What is most striking about Khamenei's discourse is that the most senior political leader of a geographically complex nation of 80 million people, with major economic and social challenges, spoke for more than 20 minutes without a single reference to the myriad of secular issues confronting Iran. The entirety of the speech delivered by the supreme leader of Iran was devoted to the return of the 12th Imam as the Mahdi from a state of occultation. He closed his address with the following words:

I hope we will be among his followers, both when he is in occultation and when he reappears. By Allah's favor we will be among the soldiers who will fight alongside Imam Mahdi, and I hope we will be martyred for his cause.

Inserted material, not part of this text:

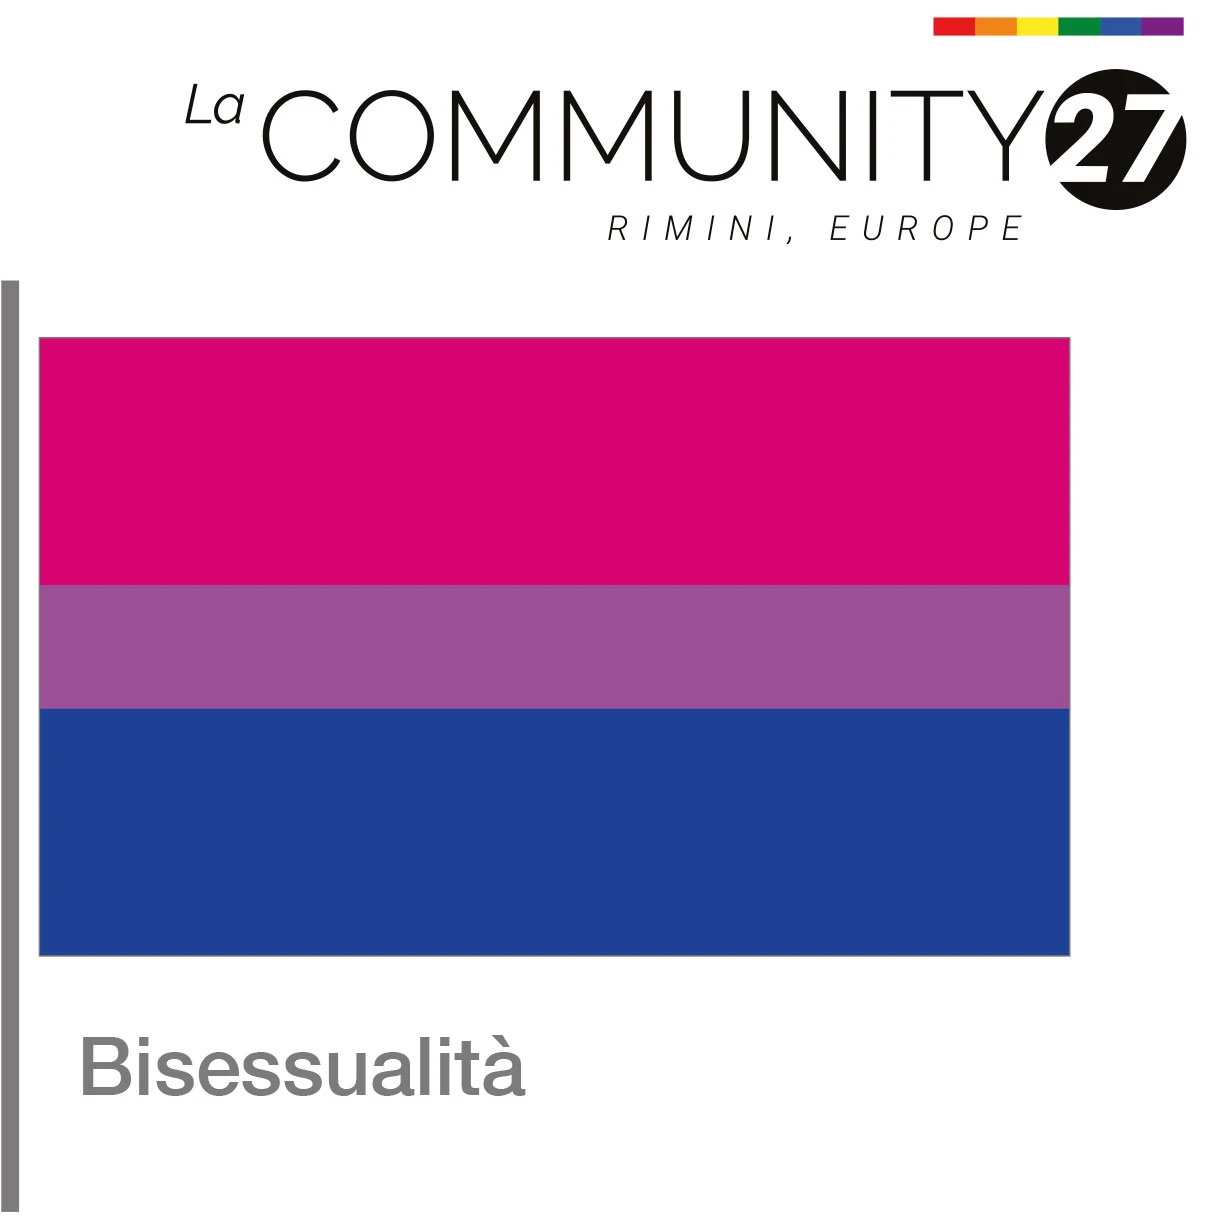 Bisessualità - bandiera LGBTQ in uso - La Communty 27

In the second decade of the 21st century, it staggers the Western mind to have to intellectually confront a nation-state conducting its policy for a theological and possibly eschatological purpose. However, based on what Iran's supreme leader has clearly communicated is his top priority, namely the martyrdom of the Iranian people for the sake of the return of the 12th Imam, the possible connection of Tehran's nuclear weapons project with the theological agenda of that nation's rulers should not be discounted by policymakers in Washington. The Obama administration and the State Department may find it inconceivable that a nation in our contemporary world would create a vast uranium enrichment capability, much of it at hardened or underground locations, for the objective of bringing about an apocalyptic event that will set the stage for the return of the 12th Imam. However, ignoring the words of Ayatollah Ali Khamenei and transposing our own Western concepts onto Iran's motivation for creating its nuclear project is a perilous course for America and the world to pursue.